> **Instructions for the task**
In the listing below, find the line that contains "Garçon enfant portrait" and the line that contains "Трикотажная юбка из". Quote both and every line between them, exactly, and nothing more.

> **Material provided**
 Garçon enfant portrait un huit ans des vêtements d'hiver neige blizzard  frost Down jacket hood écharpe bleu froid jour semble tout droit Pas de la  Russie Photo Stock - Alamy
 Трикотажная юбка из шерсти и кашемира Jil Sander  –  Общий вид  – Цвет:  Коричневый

* * *

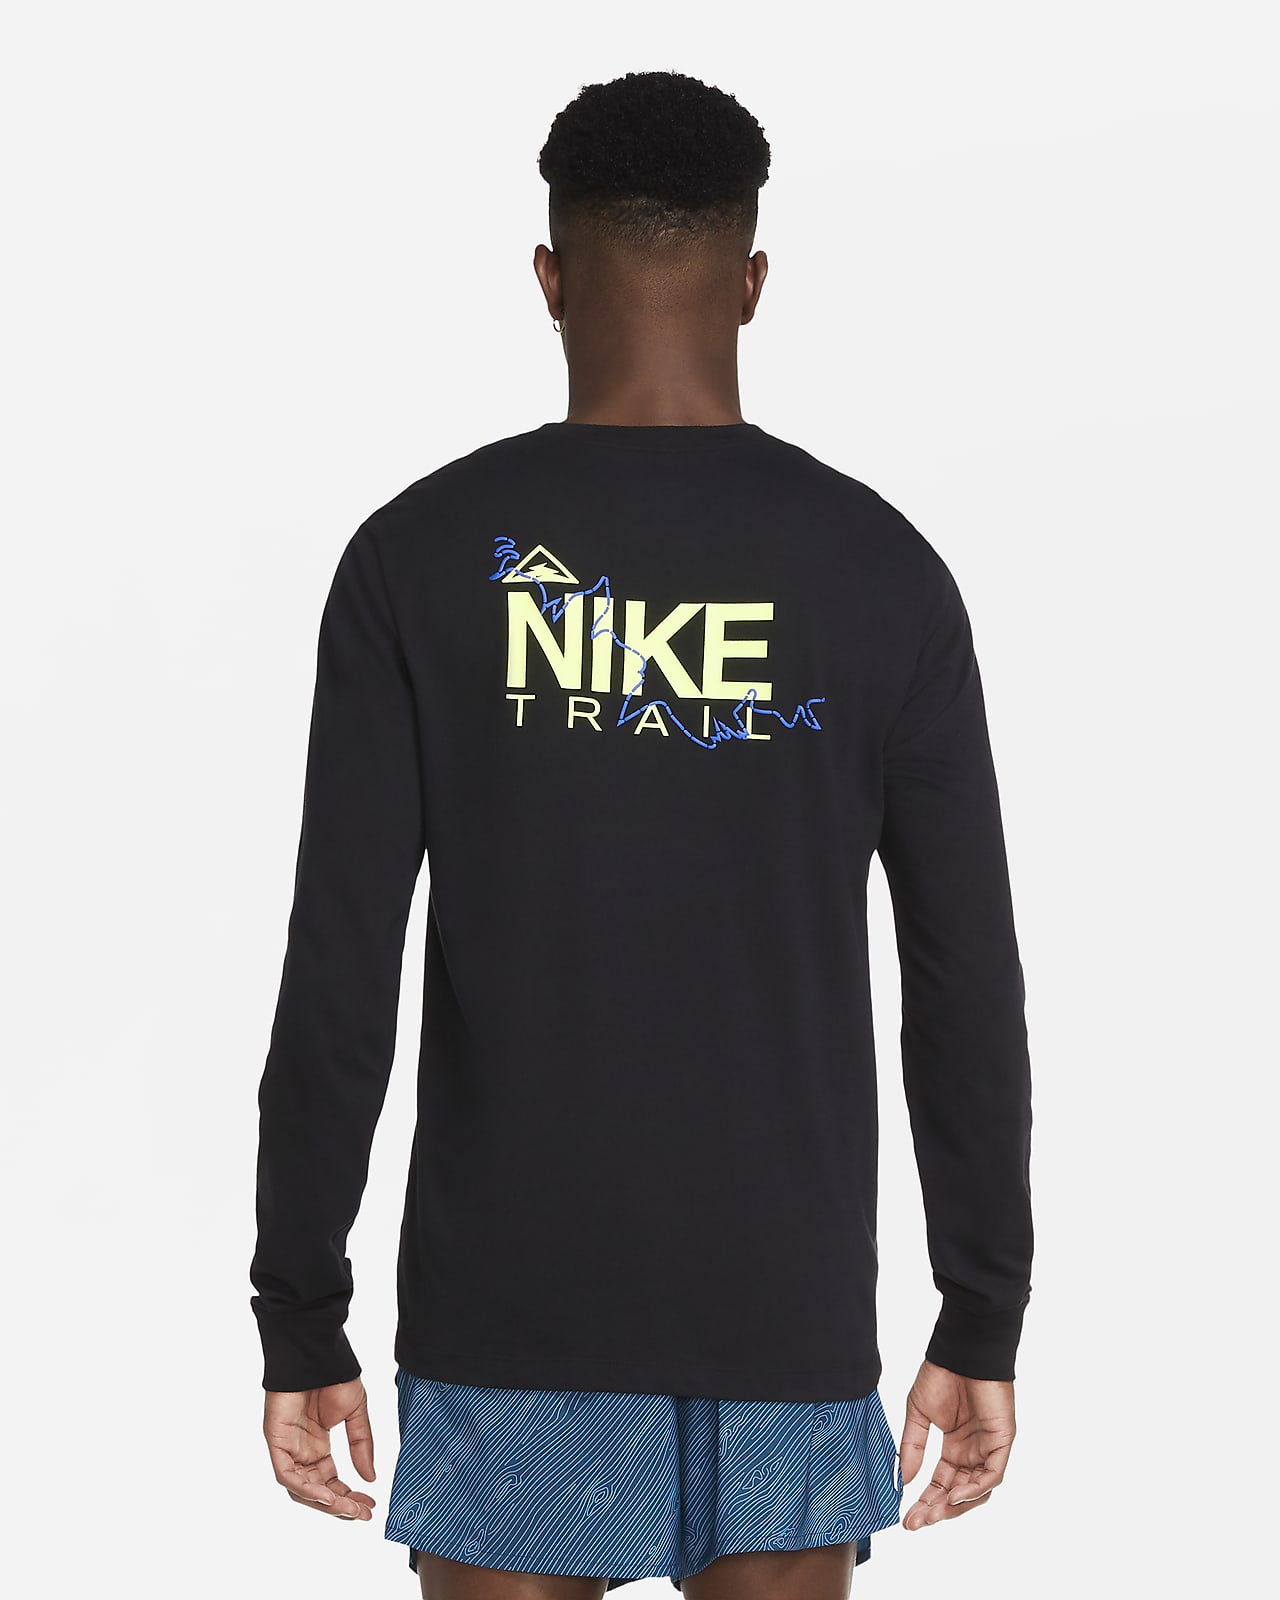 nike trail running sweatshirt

> **Task result**
 Garçon enfant portrait un huit ans des vêtements d'hiver neige blizzard  frost Down jacket hood écharpe bleu froid jour semble tout droit Pas de la  Russie Photo Stock - Alamy
 Трикотажная юбка из шерсти и кашемира Jil Sander  –  Общий вид  – Цвет:  Коричневый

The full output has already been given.